Norwegian announced that the existing LGW to Los Angeles service would drop to one daily and that Chicago would be reduced to four times a week.
The three-times daily service between Norwegian and New York (JFK) continues.
Destination drives business travel flight decision-making and that makes route and schedule all-important to whether a carrier's offering is suitable for business travel programmes.
Although it stresses that both local regions will still be served, Norwegian's moving flights from Oakland to San Francisco and Fort Lauderdale to Miami highlights business travellers' conundrum.
Boston, New York, Los Angeles, Chicago, San Francisco and, to a lesser extent, Miami are all both leisure and business destinations. The San Francisco Bay area — Silicon Valley - is home to Google, the Apple campus, etc. The big tech companies are on the same side of the Bay as San Francisco, the Pacific side, so a transfer from SFO will be quicker than from Oakland.
However, the closest airport to Silicon Valley is undoubtedly San Jose to which British Airways launched a direct service in 2016.
It may be under 20 miles from SFO to Facebook's HQ in Menlo Park but it's less than 10 from San Jose airport. Google's Mountain View home is closer to San Jose too.
Business travellers want to spend the least possible time travelling between home/office and business meetings.
There's hefty competition on all of Norwegian's trans-Atlantic routes from carriers who have higher frequencies which naturally give more scheduling options.
Business travellers visit many, many different destinations but some are more popular than others. The gateway airports to which Norwegian flies may be some of the US's largest (with a nod to Dallas and Atlanta) but an enormous amount of business travel to the US is not point-to-point but requires connecting flights.
It's why carriers are in alliances with the Americans and Uniteds of this world. It's why Virgin Atlantic failed to make London-Chicago a successful route before it joined forces with Delta.
The long haul, low-cost business model has a few stumbling blocks that the short-haul market doesn't. As well as low distribution costs, the low-cost model relies on airports that do not charge carriers high fees (most hub airports do) and use the same aircraft across their entire fleet to keep repair and maintenance costs minimal.
Long-haul can't do that.
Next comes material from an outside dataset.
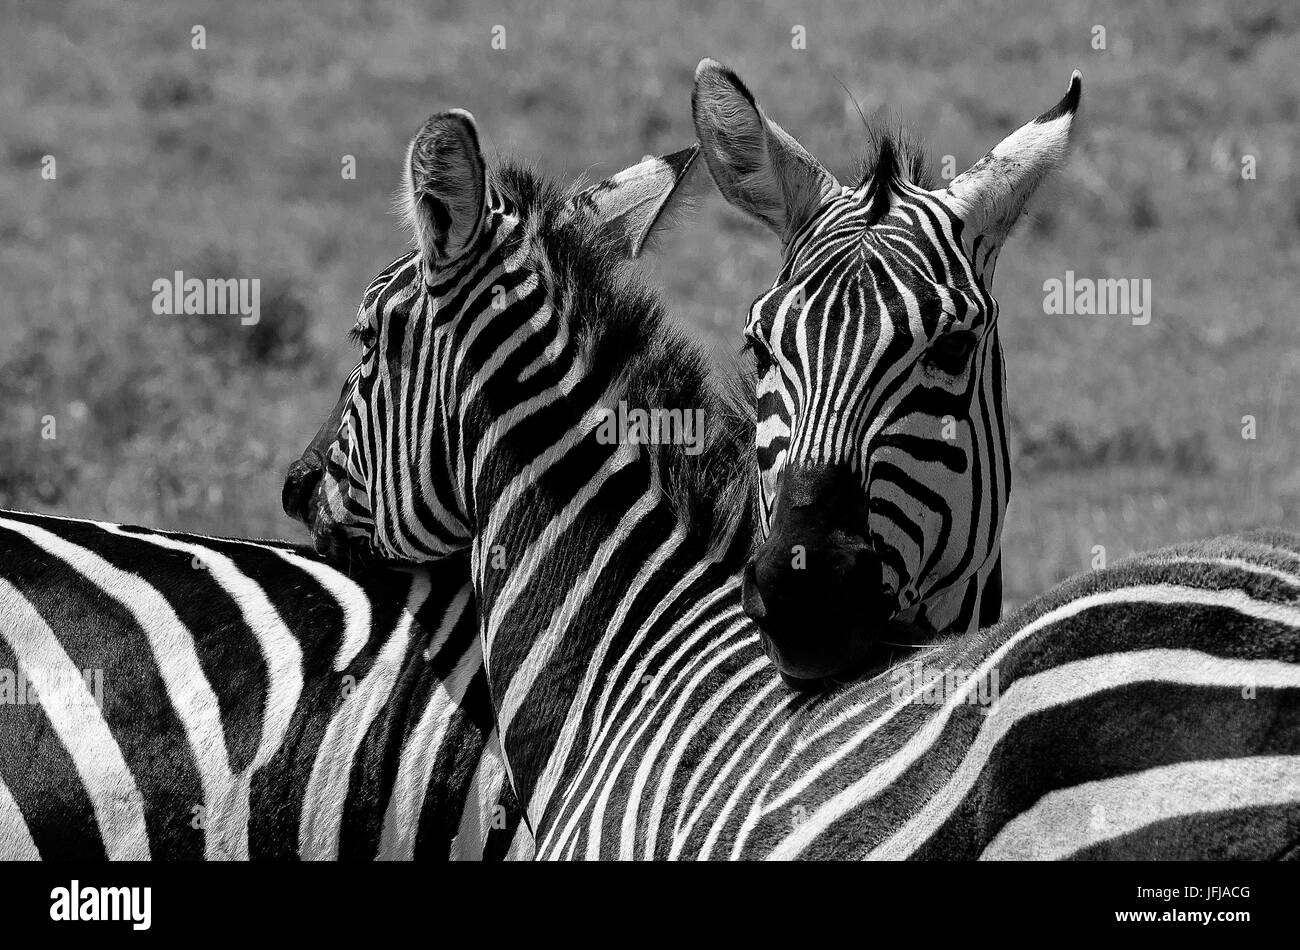 Le parc d'Amboseli, Kenya, Afrique copie de zèbres prise lors d'un moment de tendresse, le parc d'Amboseli Banque D'Images
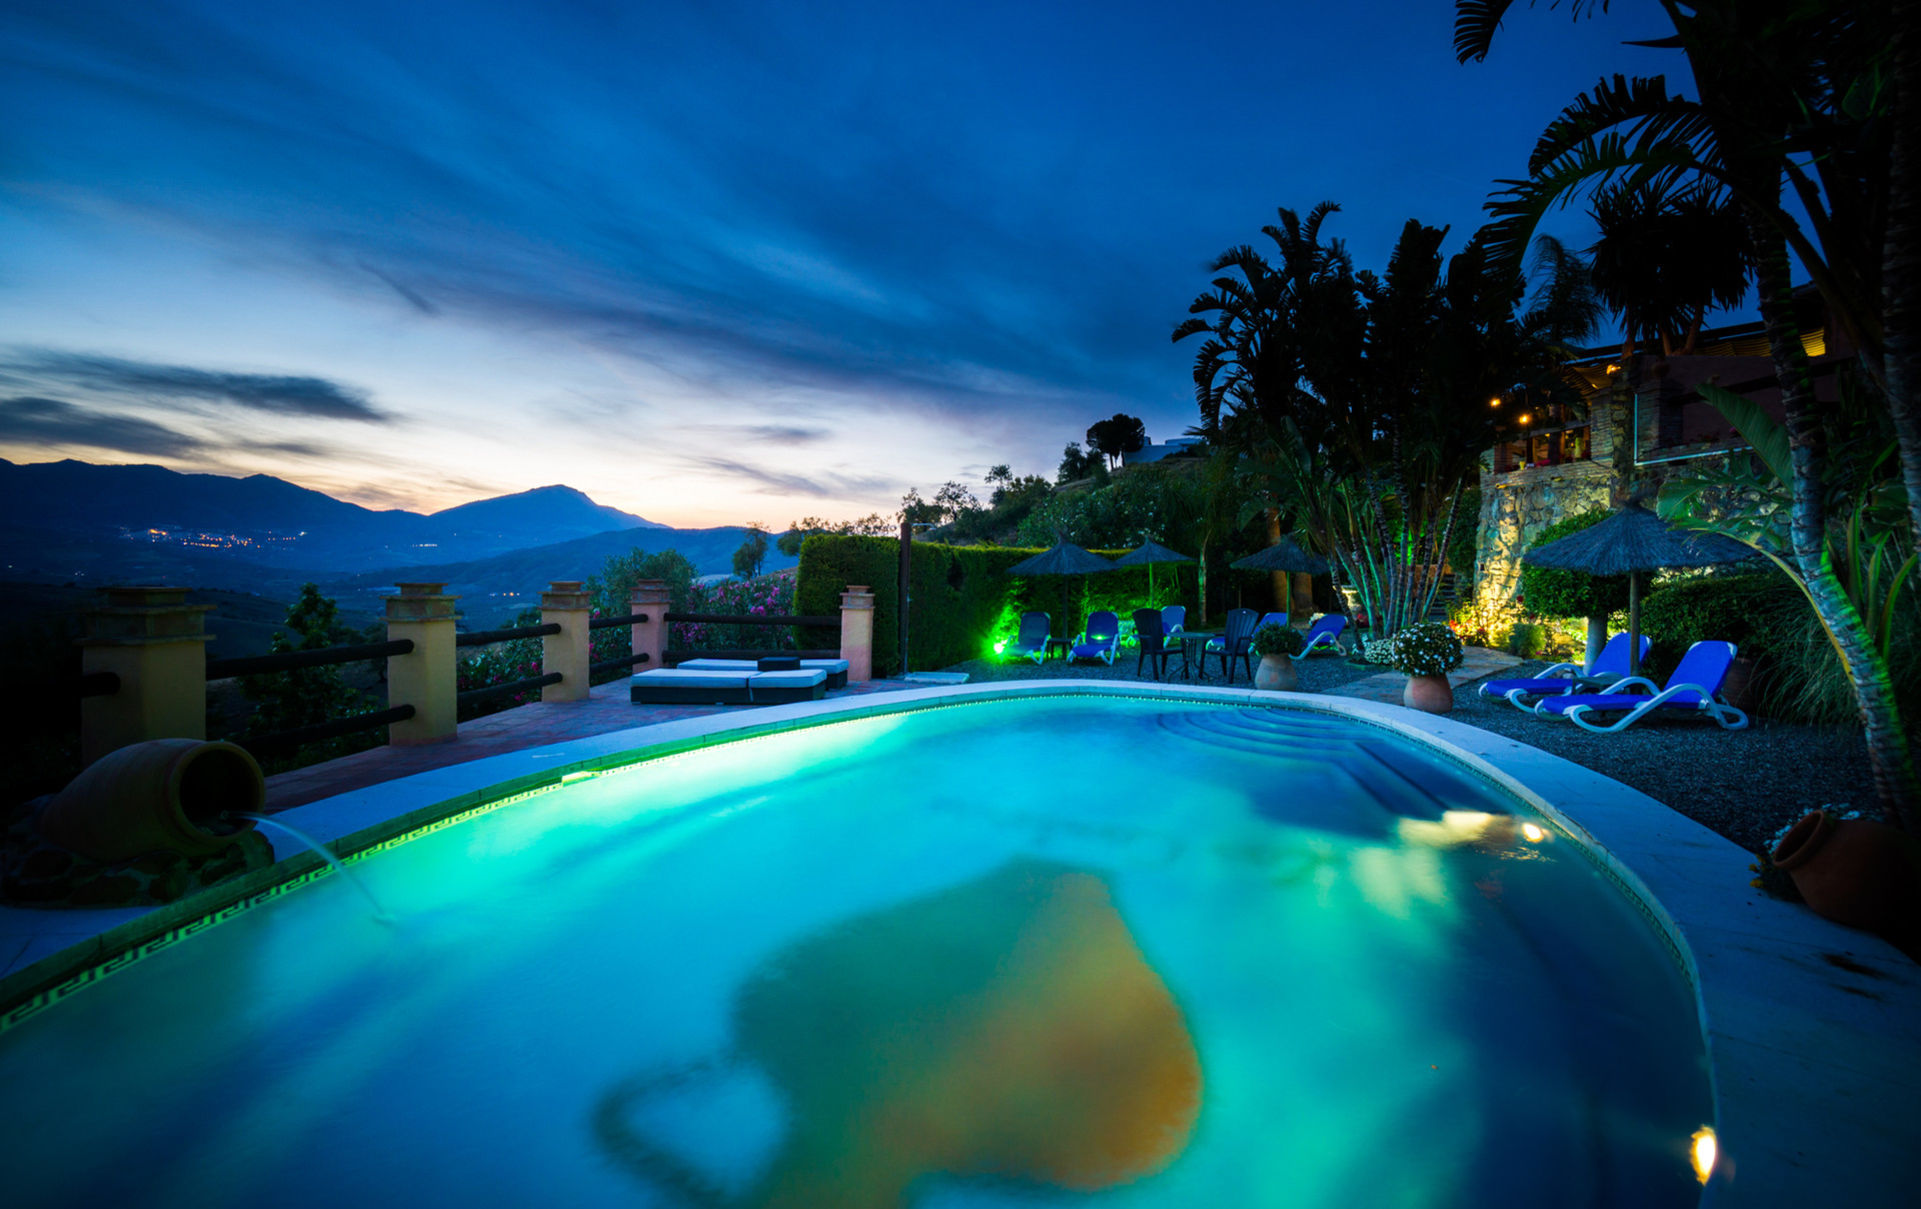 Vista de la piscina al anochecer, con iluminación en el jardín e impresionantes vistas del valle

And most importantly it can't offer its travellers whose final destination is not the first stop in the US, seamless connections to their final destination.
Norwegian's premium cabin gets excellent reviews so for those with flexible schedules who will conduct their business in LAX, SFO, ORD, BOS or New York itself, it will be a viable option.
But those who rely on using leverage to gain favourable fares and soft benefits are likely to remain loyal to the network carriers.
Those networks are invaluable.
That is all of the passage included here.